$50,000 per person
Provides reimbursement for the cost of treatment associated with a medical emergency incurred while traveling.
Subject to the Limits set forth in the Schedule of Benefits and Limits, and subject to the Conditions and Restrictions contained in this provision, Underwriters will pay the following expenses incurred while this insurance is in effect.
Conditions and Restrictions:
1. The Member must be in compliance with all conditions and provisions of the insurance; and
2. Underwriters will provide benefits only when the Illness or Injury giving rise to the expense are covered under this Insurance; and
3. Any eligible travel arrangements, excluding Emergency Local Ambulance, must be approved in advance and coordinated by Underwriters; for which the Member understands that the timeliness of arrangements can be affected by circumstances which are not within the control of Underwriters such as: availability of transportation equipment and staff, delays or restrictions on flights caused by mechanical problems, government officials, telecommunications problems, weather and other Acts of God. The Member agrees to hold Underwriters harmless and Underwriters shall not be held liable for any delays that are not within their direct and immediate control; and
4. As specified below.
ELIGIBLE MEDICAL EXPENSES
1. Charges made by a Hospital for:
a. Daily room and board and nursing services not to exceed the average semi-private room rate; and
b Daily room and board and nursing services in Intensive Care Unit; and
c. Use of operating, treatment or recovery room; and
d. Services and supplies which are routinely provided by the Hospital to persons for use while Inpatients; and
e. Emergency treatment of an Injury, even if Hospital confinement is not required; and
f. Emergency treatment of an Illness; subject to emergency room co-pay as outlined in the Schedule of Benefits and Limits. ER co-payment is waived when the Member is directly admitted to the Hospital as Inpatient for further treatment of that Illness.
2. For Surgery at an Outpatient surgical facility, including services and supplies.

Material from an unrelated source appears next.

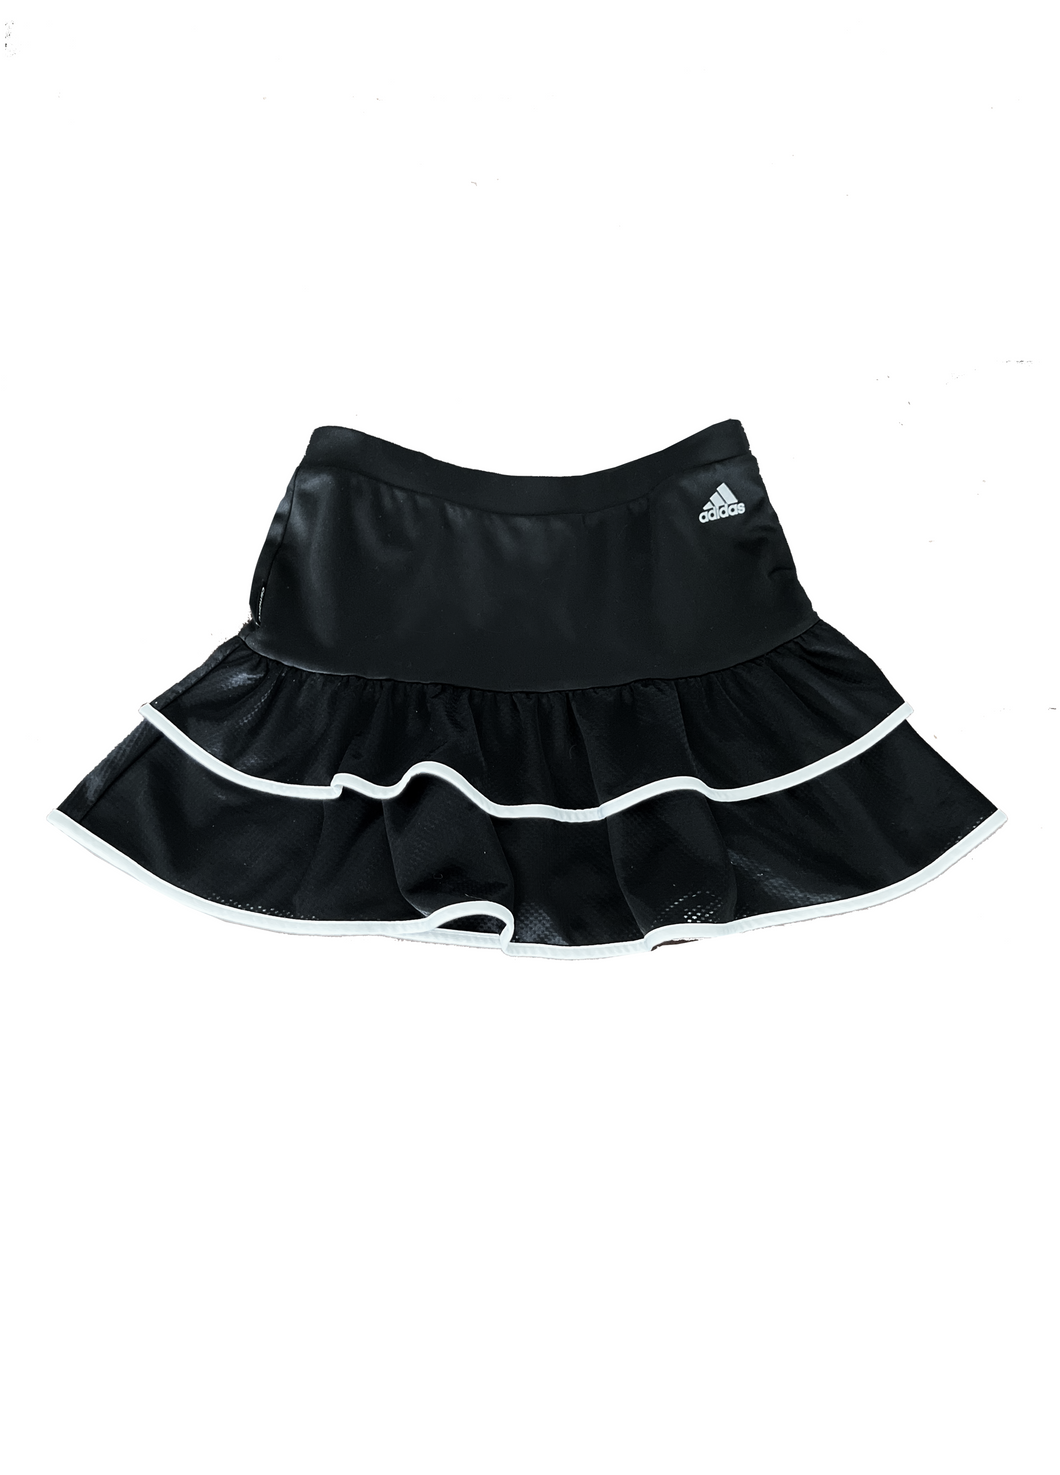 Adidas Vintage Black Frill Sports Skirt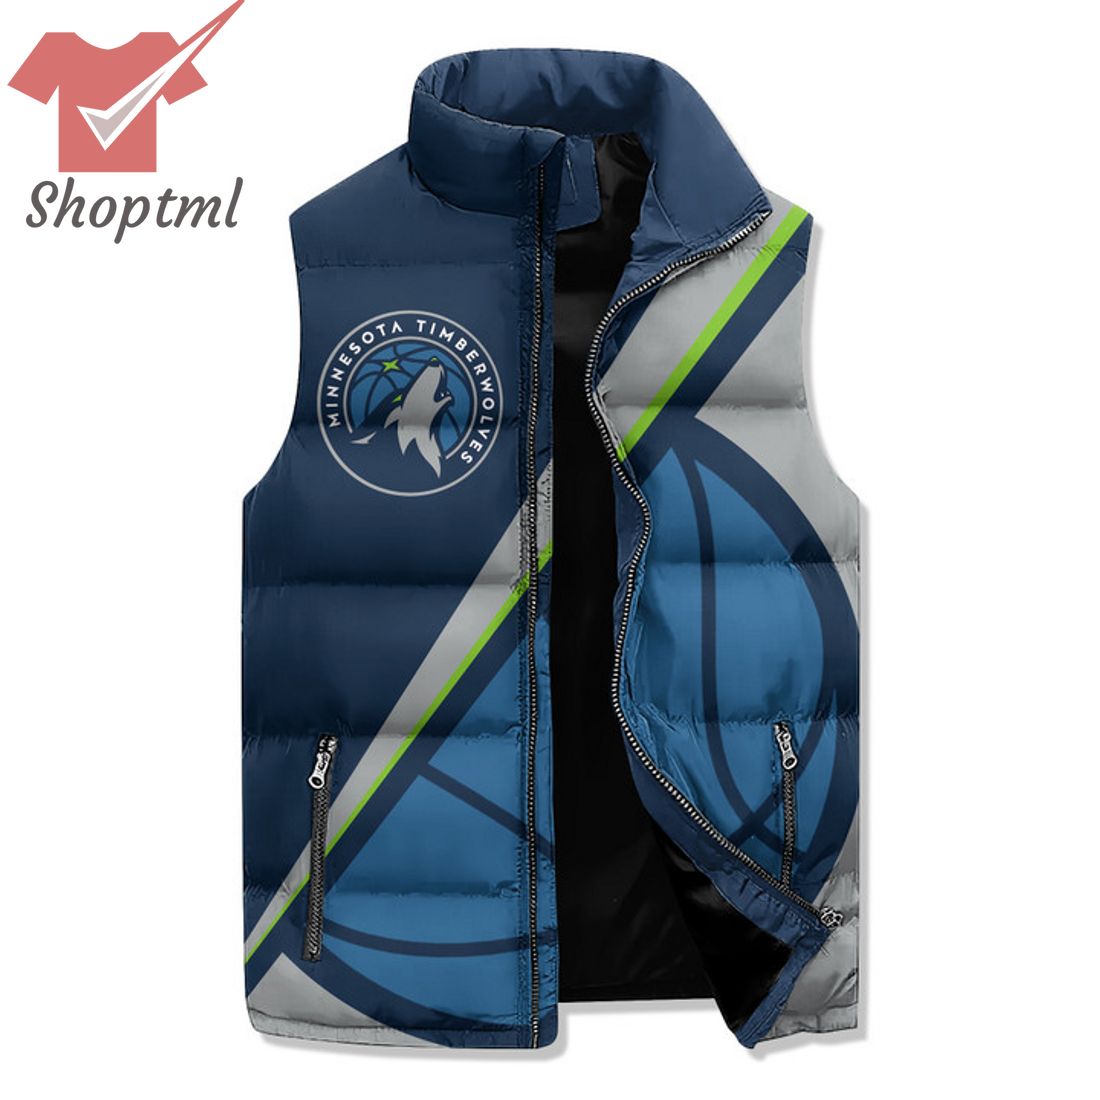 NBA Minnesota Timberwolves Logo Puffer Sleeveless Jacket

3. For charges made by a Physician for professional services, including Surgery. Charges for an assistant surgeon are covered up to 20% of the Usual, Reasonable and Customary charge of the primary surgeon, but standby availability will not be deemed to be a professional service and therefore is not covered hereunder.
4. For dressings, sutures, casts or other supplies which are Medically Necessary and administered by or under the
supervision of a Physician, but excluding nebulizers, oxygen tanks, diabetic supplies, other supplies for use or application at home, and all devices or supplies for repeat use at home, except Durable Medical Equipment as herein defined.
5. For diagnostic testing using radiology, ultrasonographic or laboratory services (psychometric, intelligence, behavioral and educational testing are not included).
6. For artificial limbs, eyes or larynx, breast prosthesis or basic functional artificial limbs, but not the replacement or repair thereof.
7. For reconstructive Surgery when the Surgery is directly related to Surgery which is covered hereunder.
8. For hemodialysis and the charges by the Hospital for processing and administration of blood or blood components but not the cost of the actual blood or blood components.
9. For oxygen and other gasses and their administration by or under the supervision of a Physician.
10. For anesthetics and their administration by a Physician.
11. For drugs which require prescription by a Physician for treatment of a covered Injury or Illness, but not for the replacement of lost, stolen, damaged, expired or otherwise compromised drugs, and for a maximum supply of 60 days per prescription.
12. For care in a licensed Extended Care Facility upon direct transfer from an acute care Hospital.
13. Home Nursing Care in bed by a qualified licensed professional, provided by a Home Health Care Agency upon direct transfer from an acute care Hospital and only in lieu of Medically Necessary Inpatient hospitalization.
14. Emergency Local Ambulance transport necessarily incurred in connection with Injury or Illness resulting in Inpatient hospitalization.
15. Emergency Dental Treatment and Dental Surgery necessary to restore or replace sound natural teeth lost or damaged in an Accident which was covered under this insurance.
16. Emergency Dental Treatment necessary to resolve Acute On set of Pain, provided treatment is obtained within 24 hours of the Acute Onset of Pain.
17. Medically Necessary rental of Durable Medical Equipment (consisting of a standard basic hospital bed and or a standard basic wheelchair) up to the purchase prices.
18. Physical Therapy if prescribed by a Physician who is not affiliated with the Physical Therapy practice, necessarily incurred to continue recovery from a covered Injury or Illness.
19. Injury or Illness resulting from participation in sports or athletic activities not otherwise excluded under this insurance.